## WHAT THE TASK REQUIRES
Retype each line below precisely and omit all images.
DATA SHOWN section start
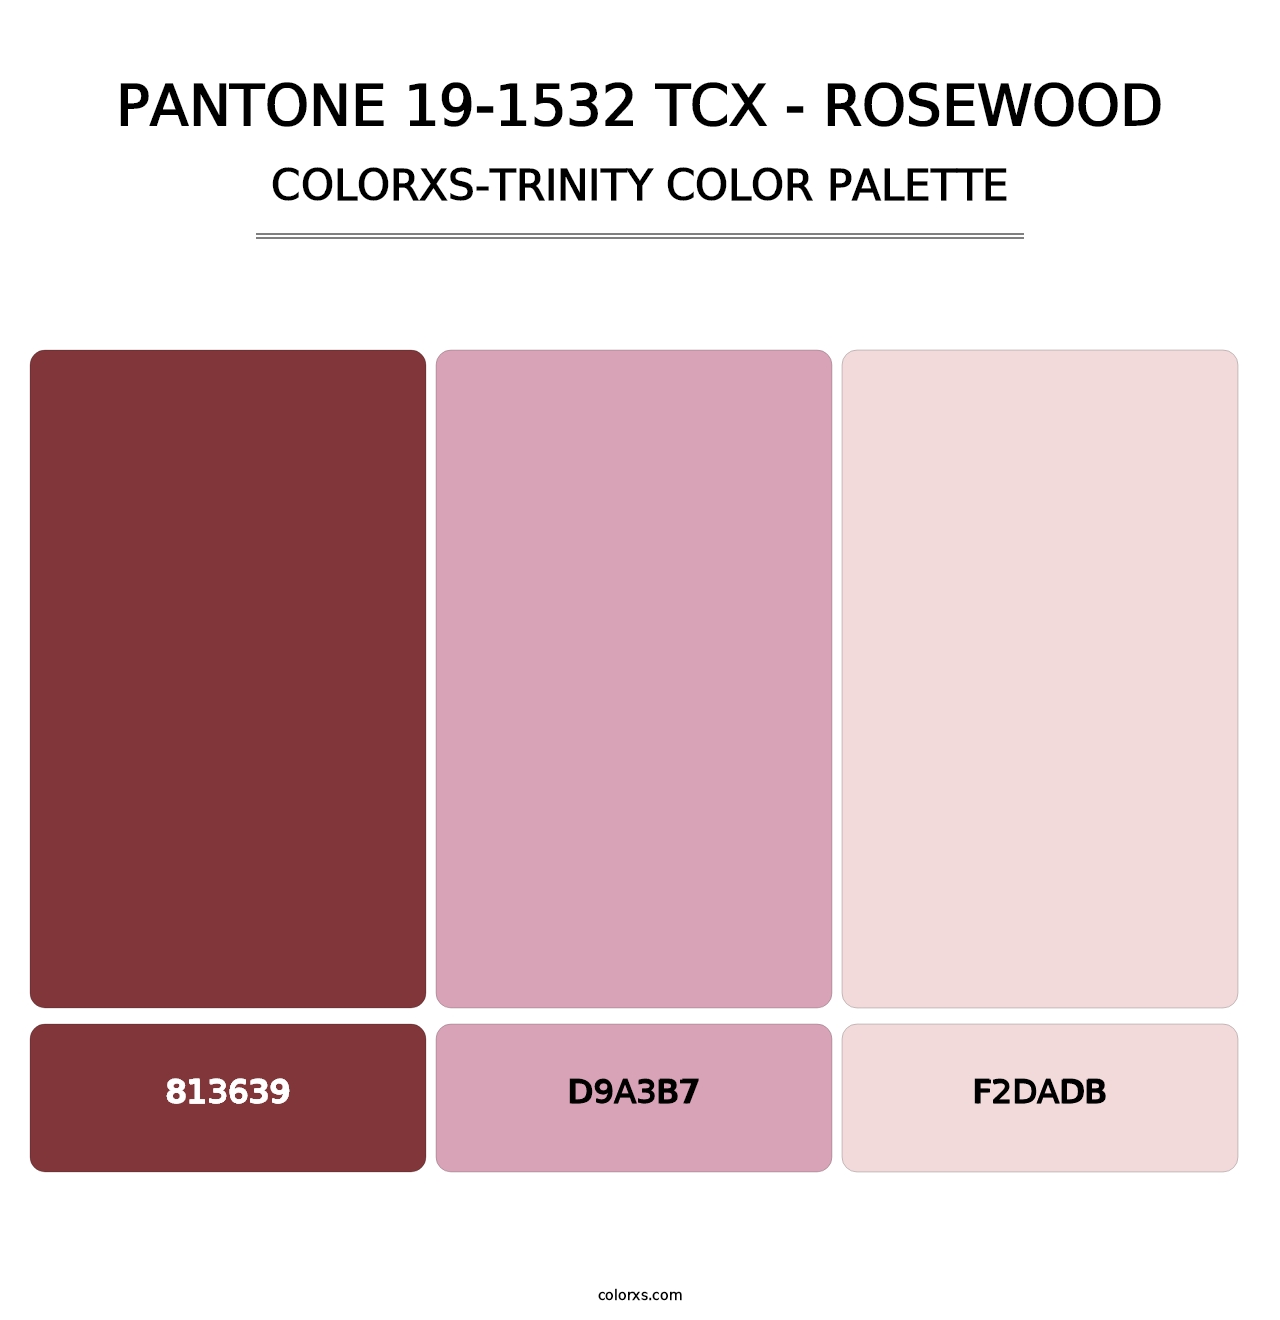 PANTONE 19-1532 TCX - Rosewood - Colorxs Trinity Palette
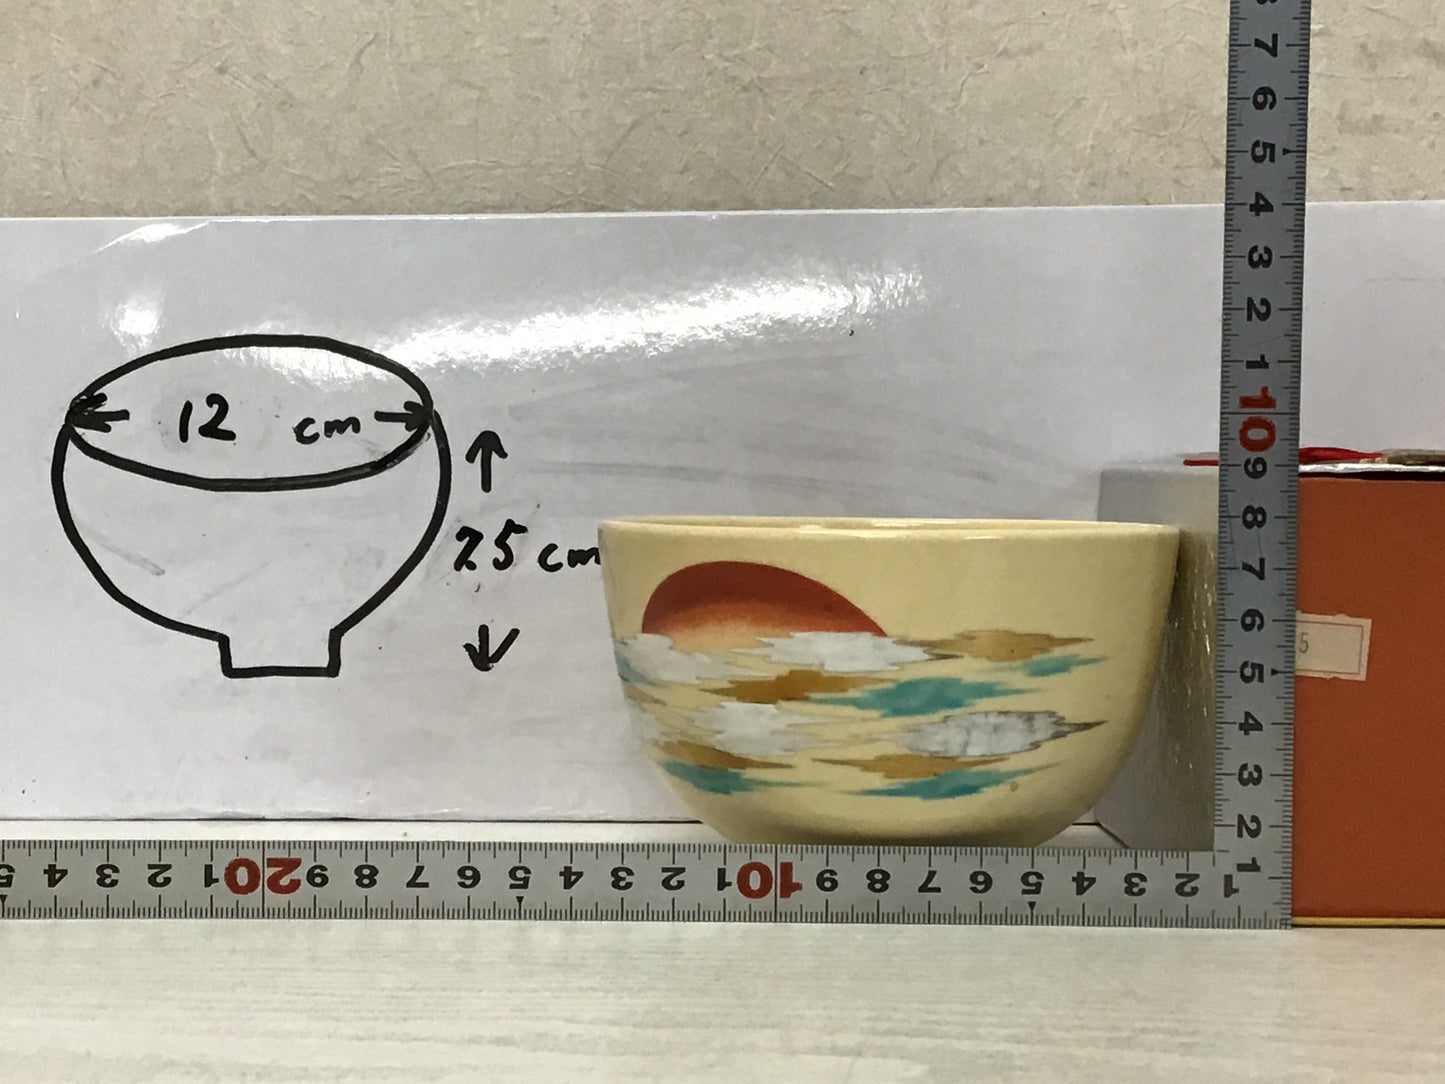 Y1769 CHAWAN Kyo-ware signed box Japanese bowl pottery Japan tea ceremony
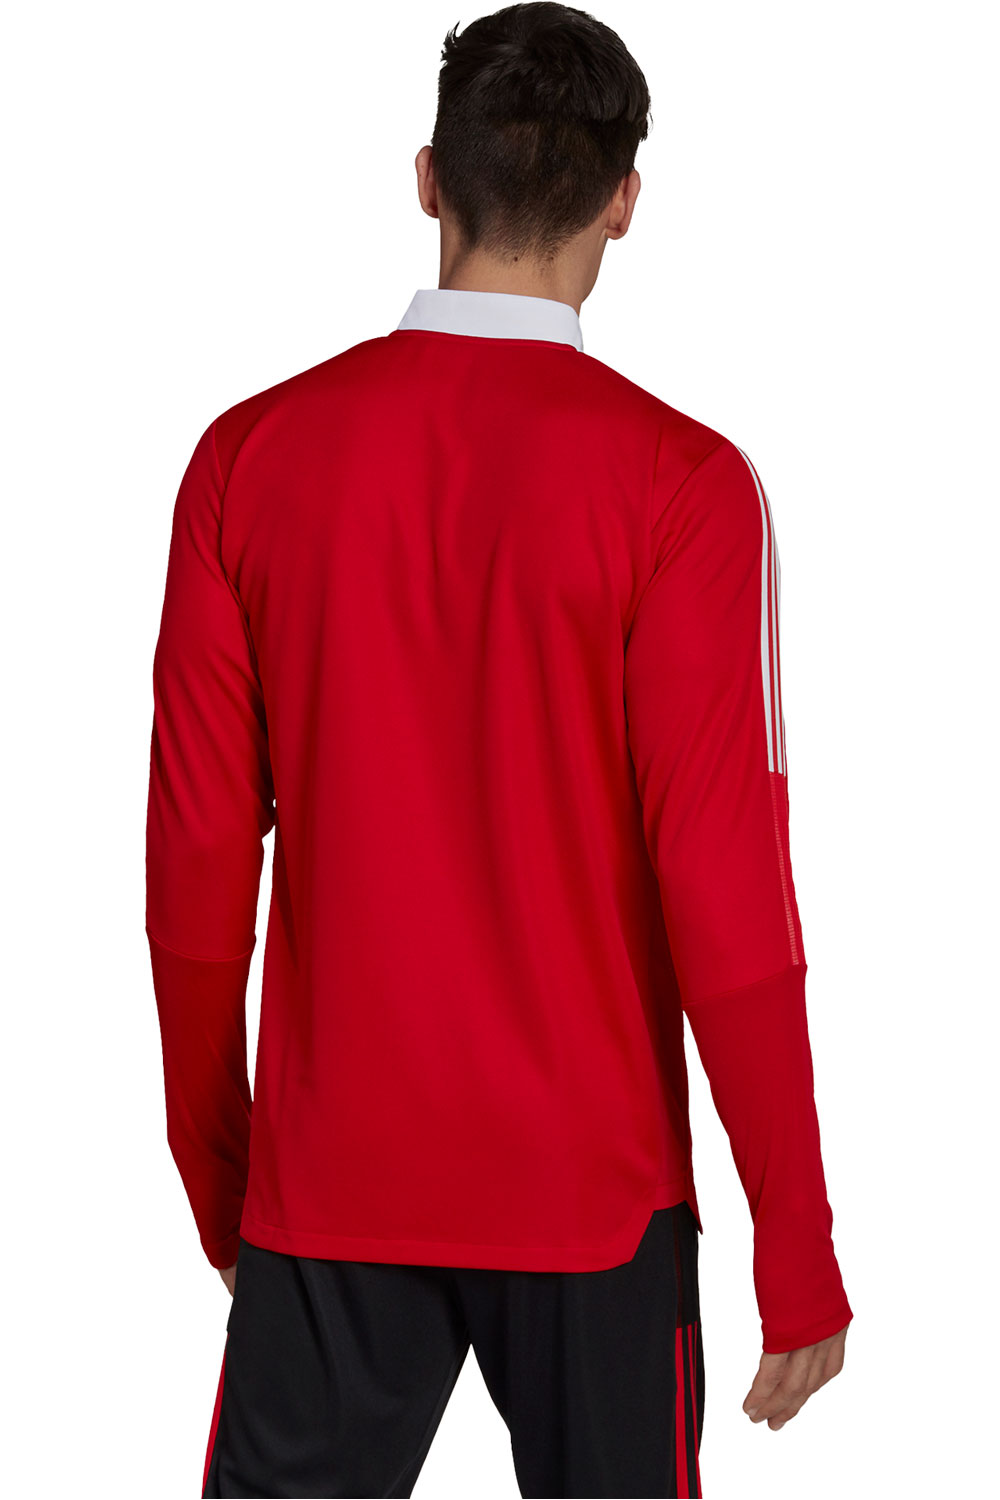 Camisetas fútbol manga larga hombre red bull n.y 22 tr top
DATA SHOWN section end
## ANSWER TO THIS PROBLEM
 PANTONE 19-1532 TCX - Rosewood - Colorxs Trinity Palette
 Y1769 CHAWAN Kyo-ware signed box Japanese bowl pottery Japan tea ceremony
 Camisetas fútbol manga larga hombre red bull n.y 22 tr top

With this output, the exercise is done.